What the law will change
The proposed legislation is wide-ranging:
- A ban on political donations in cryptocurrencies
- A cap on donations from British citizens living abroad
- Restrictions on the use of UK-registered companies as proxies for foreign donors
- Stronger checks on political donations
- Tighter regulation of online political advertising, including a ban on foreign-funded ads
The principle is simple enough:
Political parties should not be funded by foreign money.
What is less simple—and more telling—is the need for emergency legislation. That suggests the problem is not theoretical.
The politics behind it
The report does not name Reform directly.
But at Prime Minister’s Questions, the Prime Minister dropped some fairly unsubtle hints. The exchange ended with Reform MPs walking out.
The report also references the prosecution of Nathan Gill for acting as an agent for foreign interests.
None of this proves systemic wrongdoing by any one party. But it does suggest that concerns about political funding are no longer hypothetical.
The line that matters
Buried in the report is a sentence that is, frankly, astonishing:
“…beyond these hostile state threats, I am also cognisant of a potential new threat: an emerging willingness of foreign actors and private citizens, including from allies like the United States, to interfere in, and influence, politics abroad…”

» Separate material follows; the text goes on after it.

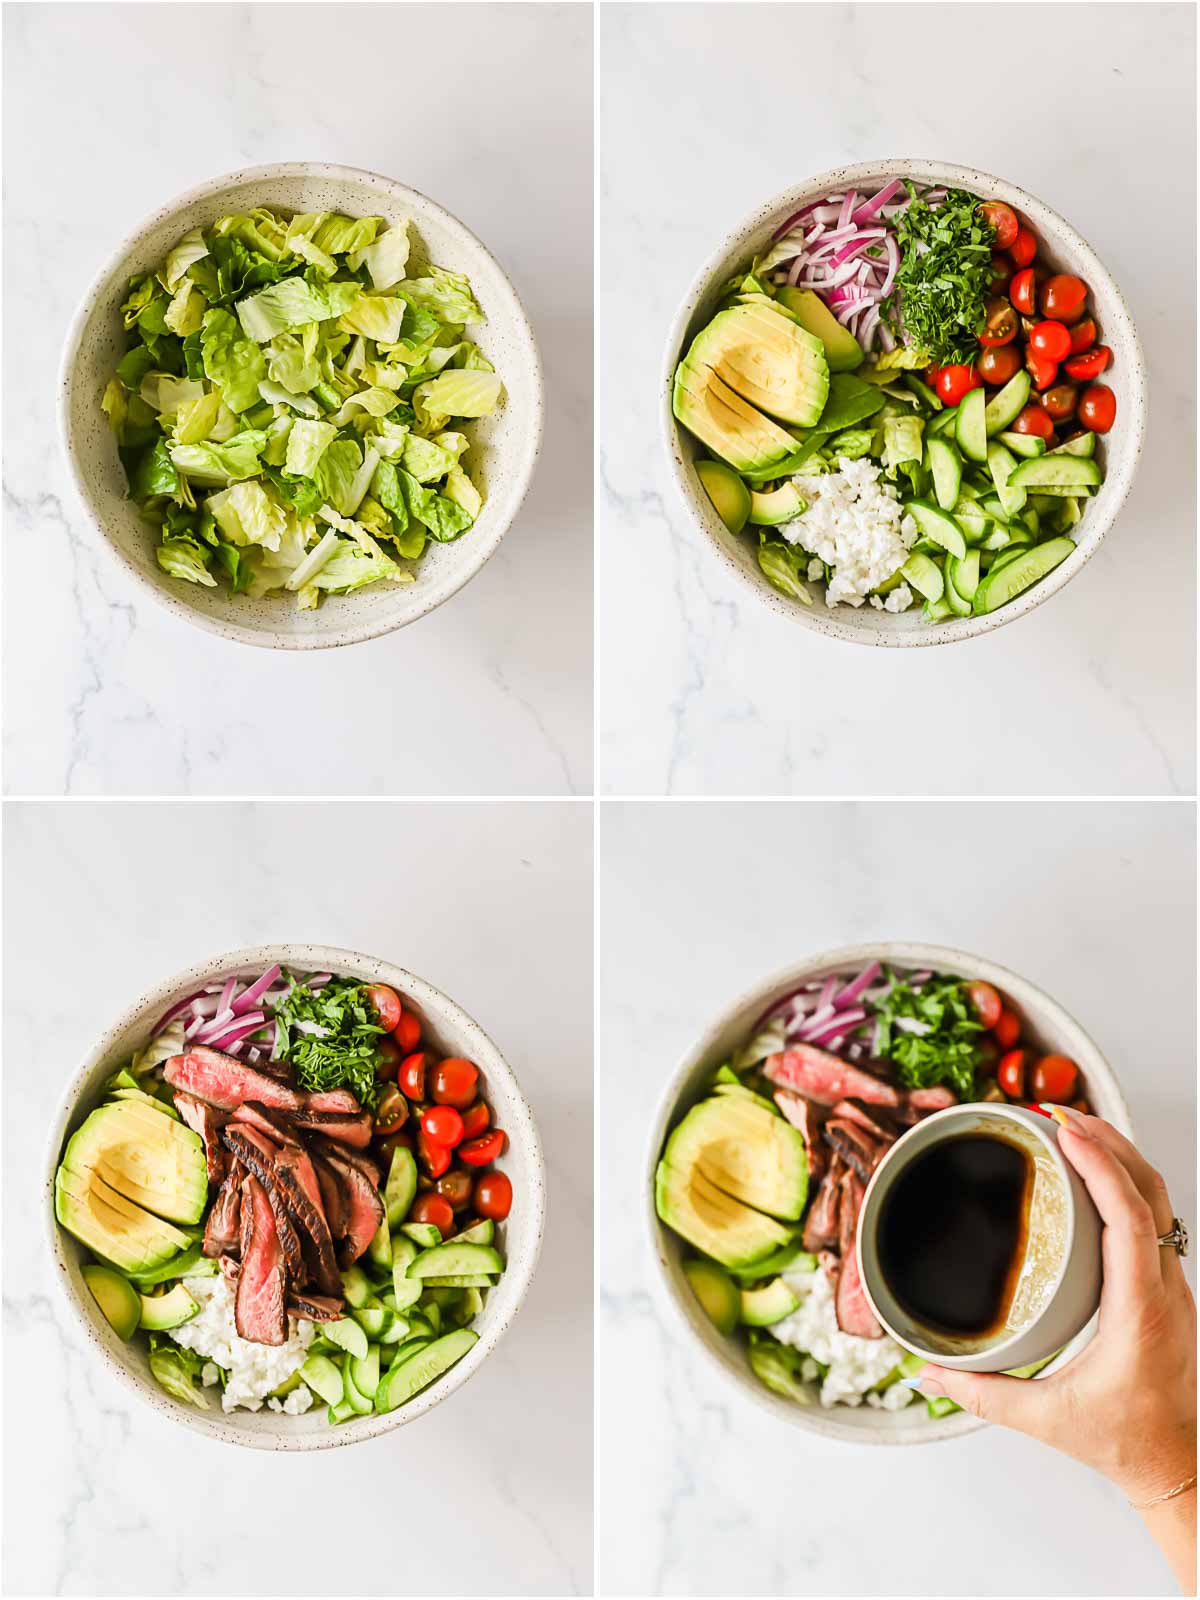 Four images showing the process of assembling a leftover steak salad with dressing.

The inclusion of the United States in that list is extraordinary.
This is not a direct accusation against any administration. But it is a clear statement that political actors from allied countries—not just adversaries—are now seen as a potential threat to the integrity of UK democracy.
Where this leaves us
There are two ways to read this.
One is that the Government is overreacting—tightening rules around a problem that has always existed.
The other is that something has shifted. That the scale, the technology, and the willingness of foreign actors to intervene have all increased to the point where the existing system no longer works.
The language of the report suggests the latter.
Conclusion
For years, concerns about foreign influence have been treated as fringe or conspiratorial.
This report does not read that way.
It reads like a system belatedly acknowledging that it has been more open—and more vulnerable—than it realised.